Well he pioneered this pleating with polyester fabric.
他开创了用聚酯织物制作褶皱的先路。
So it's permanently pleated.
所以它是永久性褶皱的。
And what he would actually do is create a garment that was oversized.
实际上他要制作一件超大的衣服。
So he would construct the garment and then put it into the pleater so that it would shrink down in size.
他先制作出这件衣服,然后把它放进制造褶皱的仪器中,这样它的尺寸就会缩小。
So the garment was actually pleated after it was constructed.
所以衣服是在做成之后打褶的。
Is this, kind of, more of him experimenting them as an artist, of figuring out what he could do with the pleat design?
所以说这更多的是他作为一名艺术家的实验,他想弄清楚他能在褶裥设计上做些什么是吗?
Well, Miyake is interesting because he started out making garments out of very natural materials, so cotton and linen and oversized.
嗯,三宅一生很有趣,因为他一开始是用非常天然的材料做衣服的,棉的、亚麻的、宽松的。
And then began to explore textile technology.
然后便开始探索纺织技术。
So that's when he started doing pleating and crushing and folding of his textiles.
从那时起,他开始对他的纺织品进行挤压和折叠。
He's very interested in the technology.
他对这项技术很感兴趣。
So he's pushed the boundaries in terms of creating new kinds of textiles for his particular designs.
因此,他在为自己的特殊设计创造新型纺织品方面突破了界限。
He's always looking for new ways to change the textile so that it will be comfortable to wear and move easily on the body.

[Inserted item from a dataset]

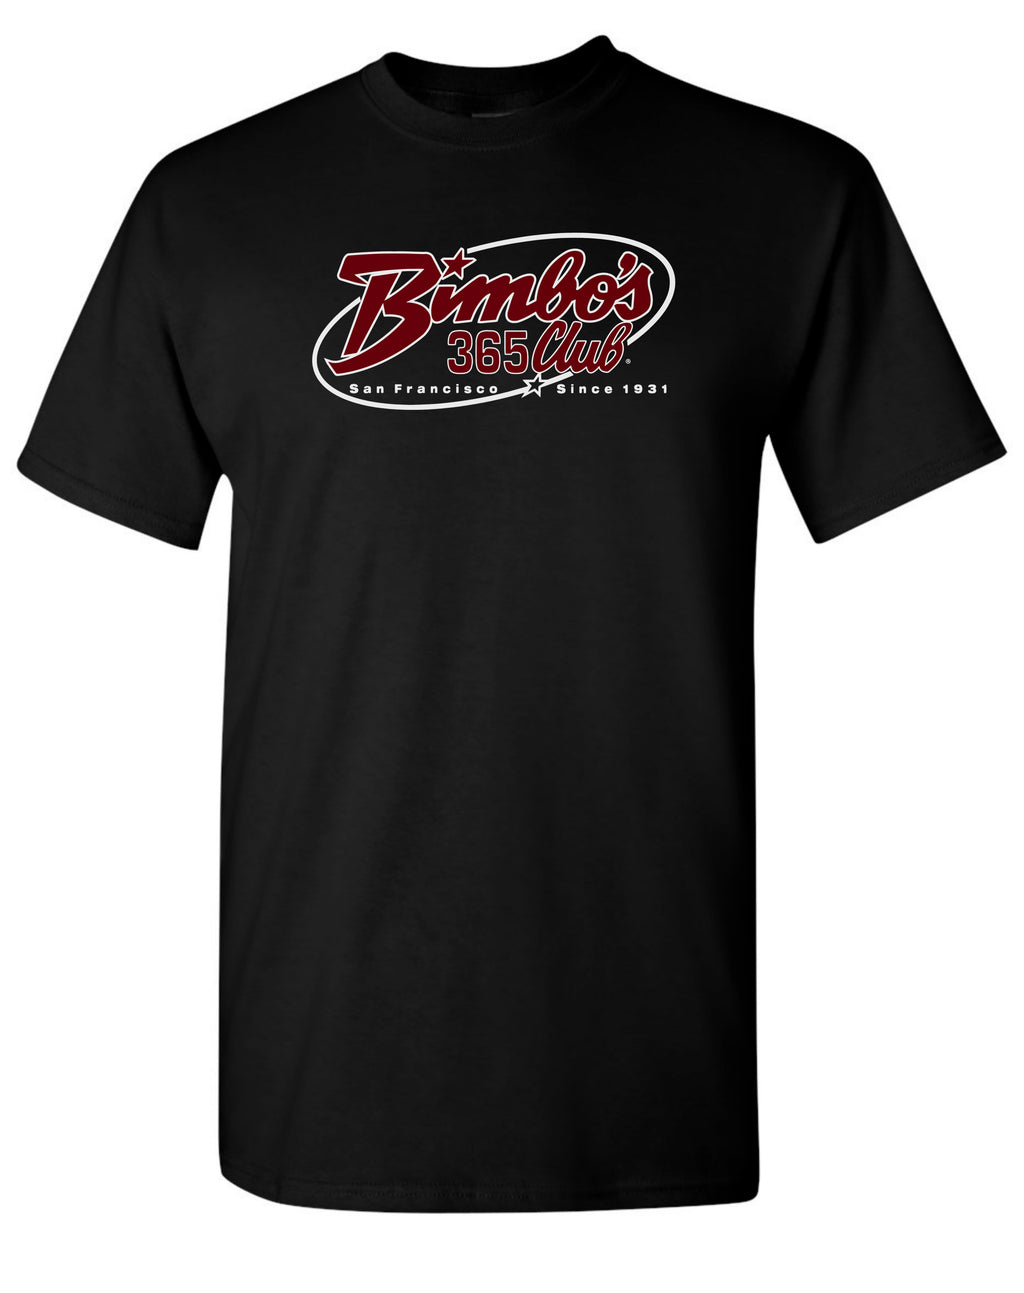 Bimbo's "Logo of the 90's" T-Shirt

他一直在寻找新的方法来改变纺织品,使它能穿起来更加舒适和便于行动。
And this is a little bit unusual for him.
这对他来说有点不寻常。
It's a little more sculptural than he usually does.
这件服装比他平时的作品更像雕塑。
But many of his pieces are made so that the wearer is kind of part of the design.

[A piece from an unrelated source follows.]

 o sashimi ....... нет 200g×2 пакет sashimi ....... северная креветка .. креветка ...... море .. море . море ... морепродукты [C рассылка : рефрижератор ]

而他的许多作品都是这样设计的,把穿戴者也认为是设计的一部分。
So that it becomes more sculpture when you put it on.
所以当你穿上它的时候,它变得更像雕塑。
And also, it is able to be arranged on the body in different ways by each individual who wears the piece.
而且,穿戴它的人可以将它以不同的方式穿在身上。
Well one question I had for you, Cynthia.
辛西娅,我有个问题要问你。
So how, knowing with your work at the museum, how do we take care of this thing so it sticks around for centuries?

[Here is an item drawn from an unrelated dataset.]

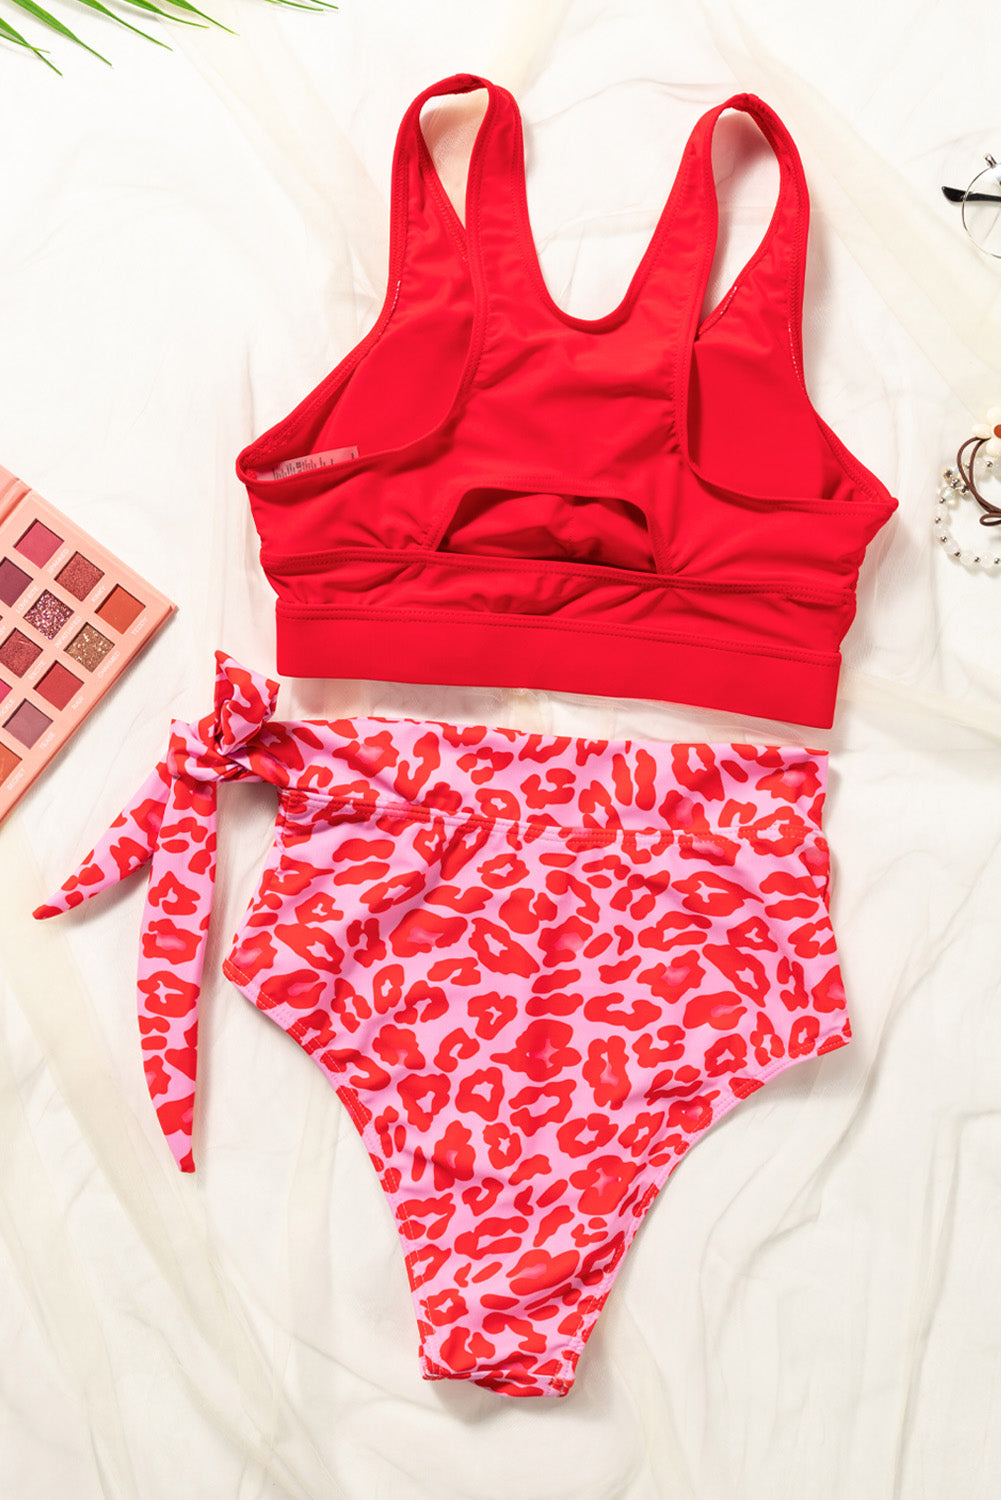 Feuriges rotes, himmelblaues, floral bedrucktes Bikini-Set mit hoher Taille und Schnürung

根据你在博物馆的工作,请告诉我们该如何保护好这件衣服,让它能保存几个世纪?
Well, we're in our storage area which is temperature humidity controlled.
我们储藏区的温度和湿度是控制好的。
So that's a very important element in caring for all works of art is to keep them very stable in terms of temperature and humidity.
保护所有艺术作品的一个非常重要的因素是将它们保持在非常稳定的温度和湿度中。
We also keep these particular objects in the dark.
我们也把这些特殊的作品置于黑暗中。
So all textiles are light sensitive.
所有的纺织品都是感光的。
Which means not only will they fade, but light can actually make the fibers brittle.
这意味着它们不仅会褪色,而且光线也会使它们的纤维变脆。
So when we're not up here, it's dark in here.
所以我们不在这里的时候,这里的灯都是关闭的。
Thank you so much again, Cynthia, for your time and your extensive knowledge in fashion.
辛西娅,再次感谢你花时间让我们了解你渊博的时尚知识。
I super appreciate it.
我非常感激。
Great, sure.
不客气。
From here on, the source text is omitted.